For the first time, I read To Kill a Mockingbird exactly 5 years ago, and now, I decided to reread it because I don’t remember anything. And I can say that the book is perceived differently. 

Plot.

The book To Kill a Mockingbird is devoted to the relationship between white and African-American people. But most importantly, the problem is shown by the eyes of a child. The girl is growing up and her perception of life and relationships between people are so vividly shown that it is easy to read. But the author very often interferes with the story and, of course, we start perceiving the surrounding reality not only through the eyes of a child.  

So, we have the Great Depression, the south of America and the small town in Alabama, which is famous for its dislike for the African-American population of the state. At the center of the story, there is the Finch family: Atticus, a fifty-year-old lawyer, widower, and father of two children, a little girl Jean Louise and her brother Jim. I like the two things in this book especially – the first-person narrative. I’m not tired of repeating that authors rarely manage to tell a true and authentic story on behalf of a child when you get the feeling that you have a child’s voice inside you that whispers secrets to you. Secondly, there is honesty without embellishment. Now, in our time of hypertrophied tolerance, this book is like a breath of fresh air despite the cynicism and hypocrisy that the main characters have to endure and experience. And if you combine the first and second, you get a story told in a simple and such intelligible language but through the prism of childhood memories that touched on very serious topics.

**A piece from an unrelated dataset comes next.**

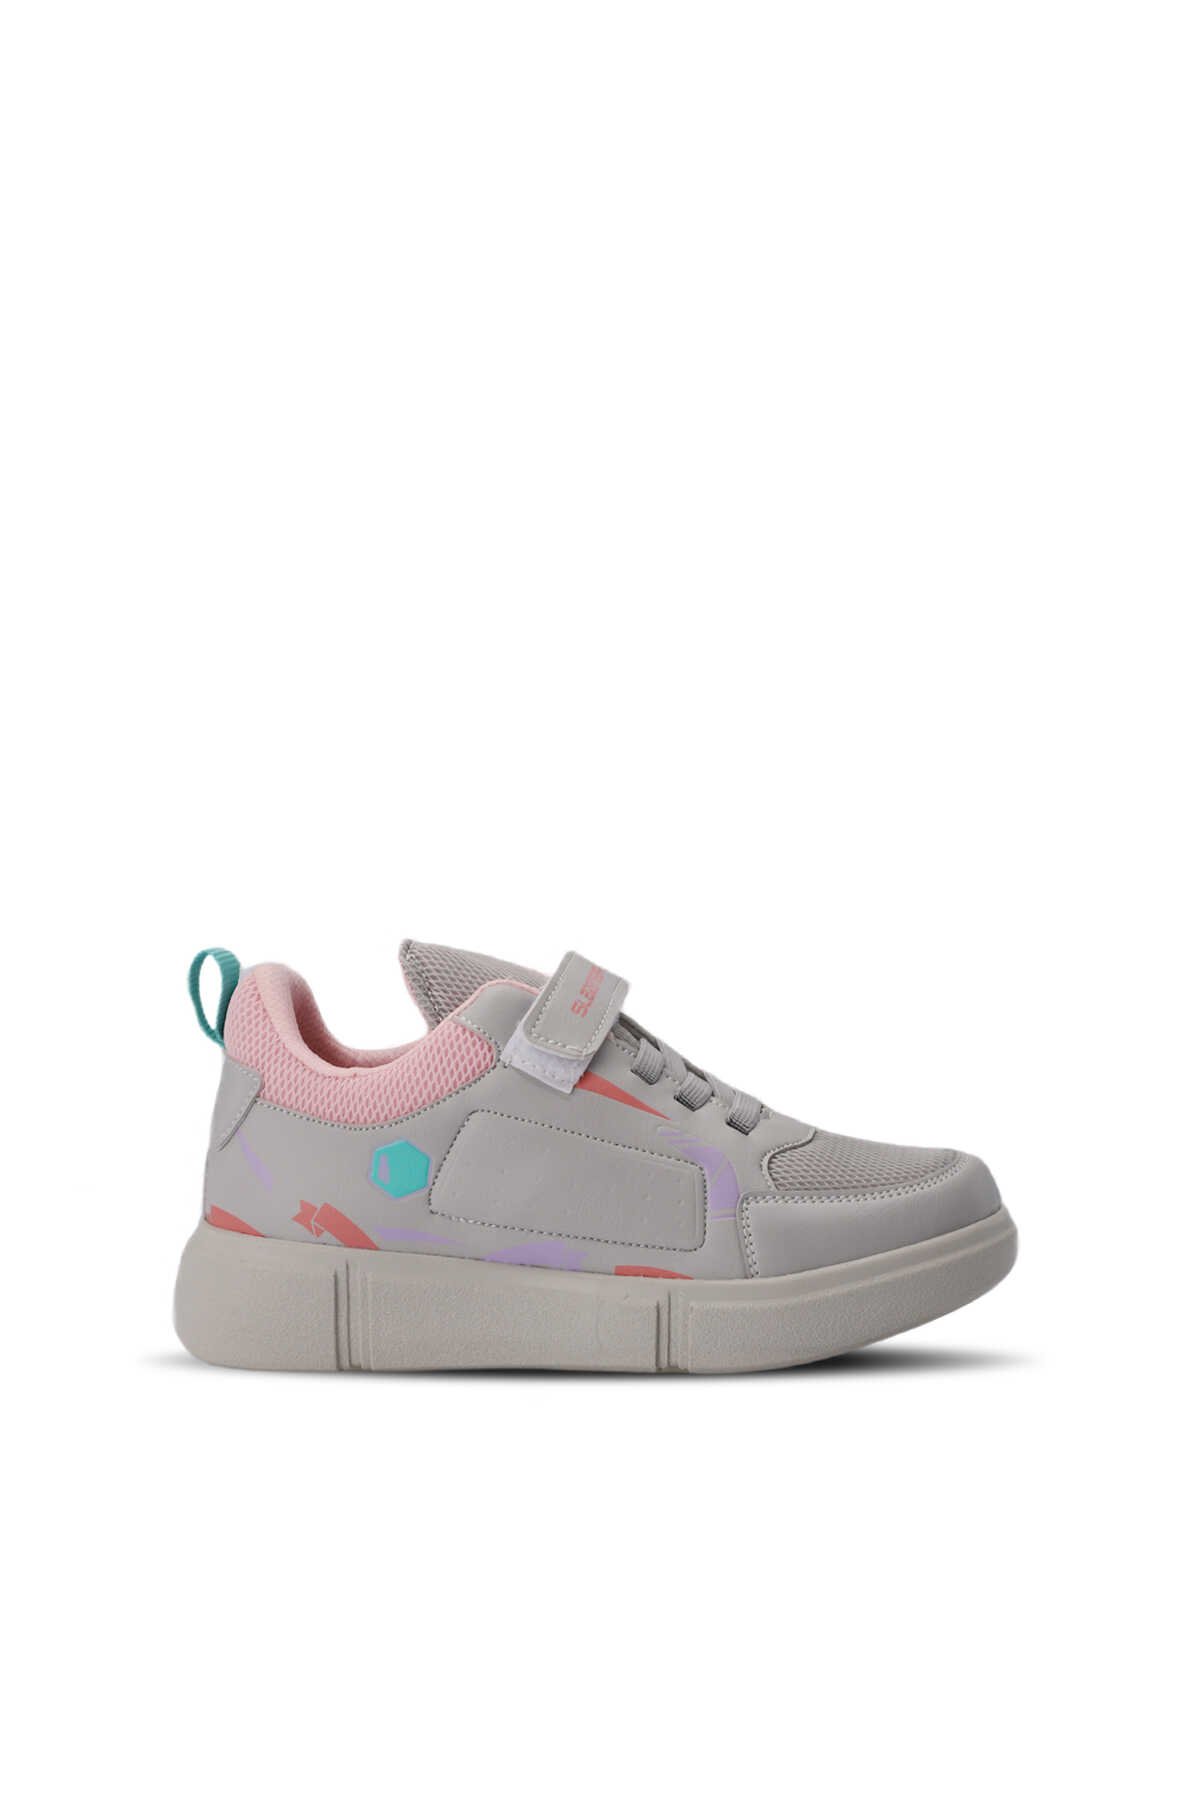 Slazenger - KEPA Sneaker Kız Çocuk Ayakkabı Koyu Gri / Pembe
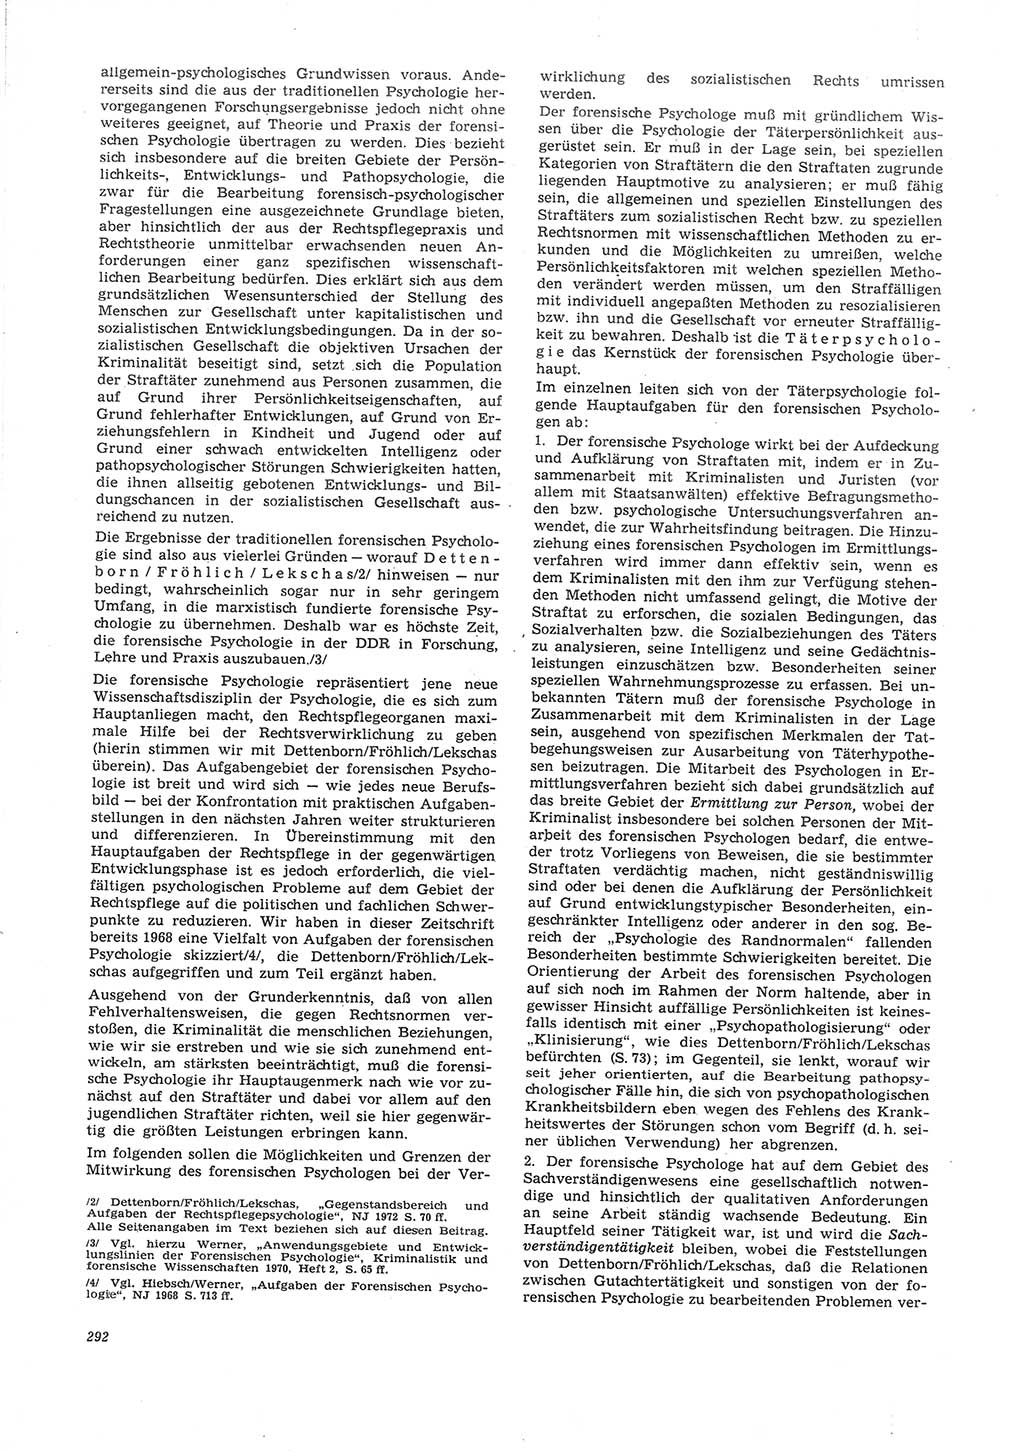 Neue Justiz (NJ), Zeitschrift für Recht und Rechtswissenschaft [Deutsche Demokratische Republik (DDR)], 26. Jahrgang 1972, Seite 292 (NJ DDR 1972, S. 292)

The general atmosphere of the book.

I understand why this book is so popular in America and why it is included in the compulsory school curriculum of most American schools. This book is very deep. After all, all those questions that are asked by Jean-Louise are in fact very important, both for understanding society and one’s place in this society. And I immediately respond to her next “why”: why, indeed? And I like Atticus’s wise and, at the same time, simple answers to these questions. Actually, I wish I could answer questions as he did. It is a very useful trait. In general, Atticus Finch is probably the ideal, to which everyone should strive. He is an ordinary person who tries to live in harmony with his conscience, self-respecting and wants to be respected by his children. A small fictional town in the South of America, and the life of the 30s of the last century, the house next door, and the neighbors themselves – all this is firmly deposited in the memory and causes emotions. Children’s games, pranks, and not the safest adventures – it awakened memories of my own childhood that was happy in spite of any adversity and sadness. The problems raised in the book and the ways to solve them give us hope that our society is not so hopeless as long as there are people like Atticus Finch (and not only him).